"Spoiled by Offensive Content"
What You Need To Know:
LITTLE ITALY has an excellent narrative structure, with appealing performances by a great cast. It has many funny and touching moments, and even some positive Christian references promoting family bonds and true love conquering pride. However, the movie contains a light Romantic, antinomian worldview that sometimes values emotions over objective moral standards. It also has lots of gratuitous foul language, some explicit bas-relief sculptures of the Kama Sutra in an Indian restaurant, and many lewd comical innuendoes. Consequently, MOVIEGUIDE® advises extreme caution for LITTLE ITALY.
Content:
More Detail:
In LITTLE ITALY, viewers get a comedic glimpse into the rich tradition of Italian culture – in Toronto, Canada! Sal Angiole and Vince Campo are best friends and owners of Pizza Napoli, a family run restaurant in the heart of their neighborhood, Little Italy. Their restaurant is run on love, passion and pride to make the best pizza. These values are taught to their children and grandchildren, Sal’s daughter Nicki (Emma Roberts) and Vince’s son, Leo (Hayden Christensen.)
Now, years later, both kids have grown. Nikki attends culinary school in London as one of the school’s top students. Her teacher, a female chef (Jane Seymour), is opening a new restaurant, and Nikki is competing for the job. To do so, however, she must return to her hometown, Little Italy, after five years and update her visa.
When she returns to Toronto, she comes face to face with Leo, her love interest since she was a child. She also faces a longtime feud between Vince and Sal, who got into a fight after they won a contest for best pizza in Little Italy years ago.

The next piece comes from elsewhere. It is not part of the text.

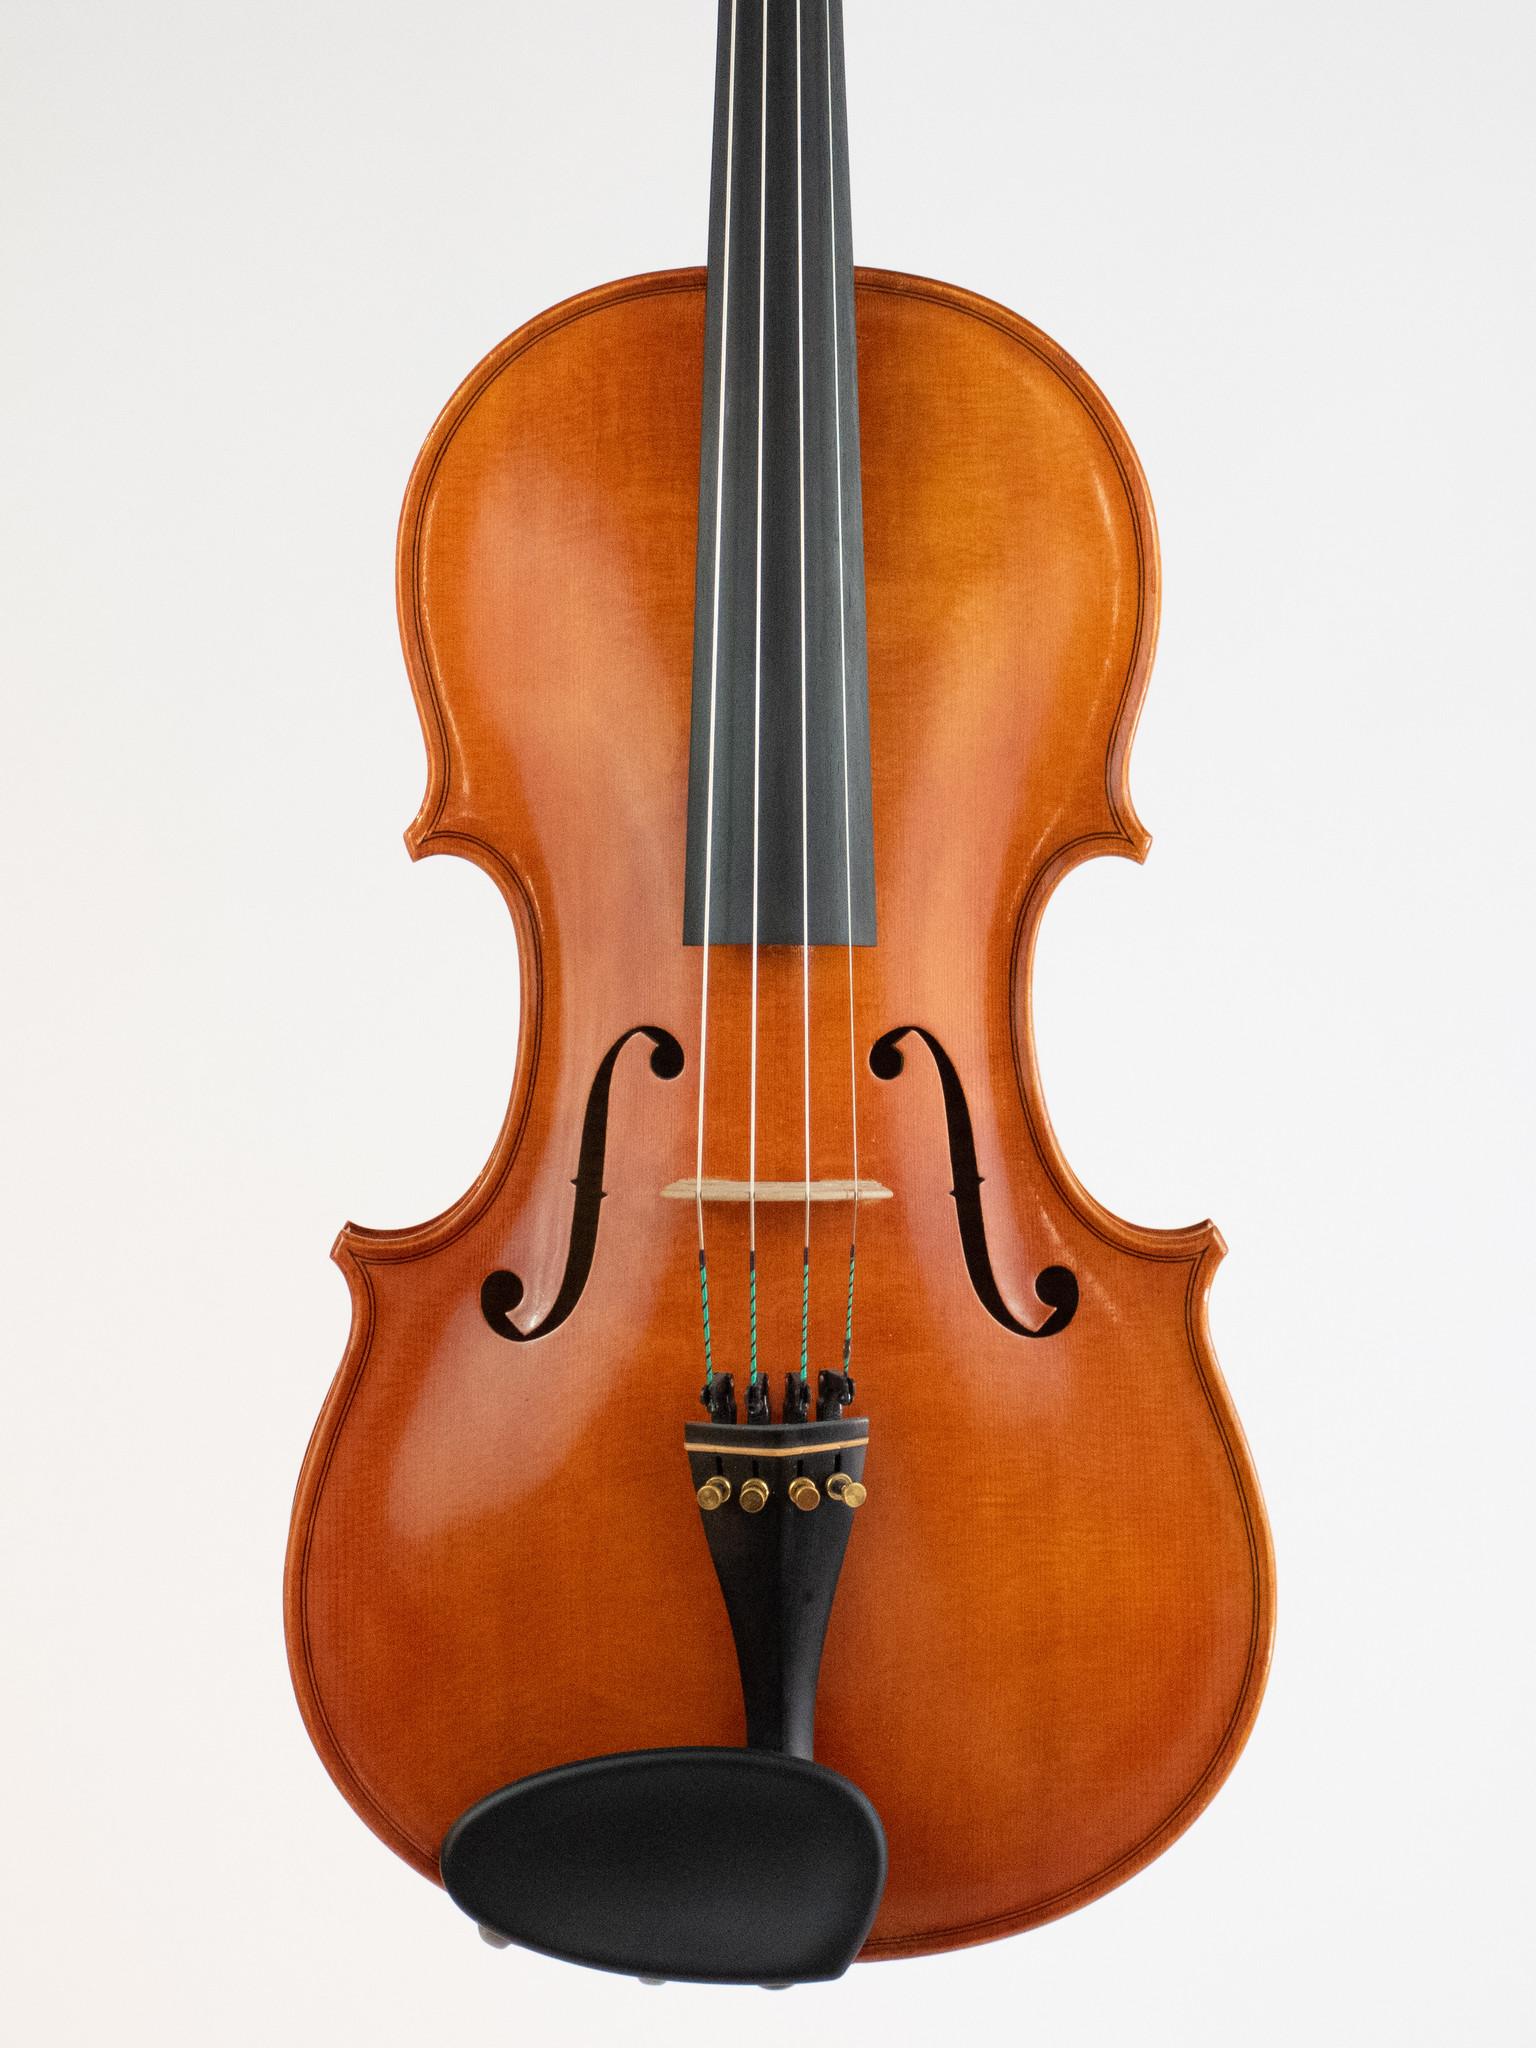 "John Hill 16 1/4"" viola, no. 17, 2006, Eugene, OR, USA"

Nikki and Leo reunite at Luigi’s bar and compete in a soccer game, which helps Nikki return to her roots and reclaim the love lost between them. As Nicki and Leo grow closer, they become more and more fearful to reveal their budding love to their fathers, who will strongly disapprove due to the ongoing feuding.
Meanwhile, Nikki and Leo’s widowed grandparents are secretly seeing one another on the side. Also, Leo’s grandfather wants to propose to Nikki’s grandmother, a churchgoing Catholic who’s not sure she wants to marry at her age.
Will love find a way? Can the two feuding fathers put aside their pride?
LITTLE ITALY has an excellent plot and narrative structure, with appealing performances by a great cast. It has many funny and touching moments. Even better, the Catholic grandmother and other characters make positive references to Christianity and God, and there’s a positive reference to Jesus Christ and original sin. The movie’s Christian references promote family bonds and a premise where love conquers pride.
However, the movie has a light Romantic, antinomian worldview that values emotions over objective moral standards in several important scenes. There’s also a scene with an altar to the Virgin Mary instead of Jesus Christ. In addition, the movie contains a gratuitous amount of foul language and lewd innuendoes and double-entendres, including more than a dozen light profanities. Also, a supporting character who only appears in a few scenes discusses his homosexual inclinations and finds a romantic interest at the end. Finally, one scene involves a visit to an Indian restaurant with a lot of fairly explicit bas-relief sculptures on its walls of people engaged in nude clinches and orgies from the Kama Sutra, a Hindu cult promoting sexual immorality and perversion. Two scenes of implied fornication add to all these problems.
Consequently, MOVIEGUIDE® advises extreme caution for LITTLE ITALY despite the positive Christian, moral elements and uplifting, satisfying ending.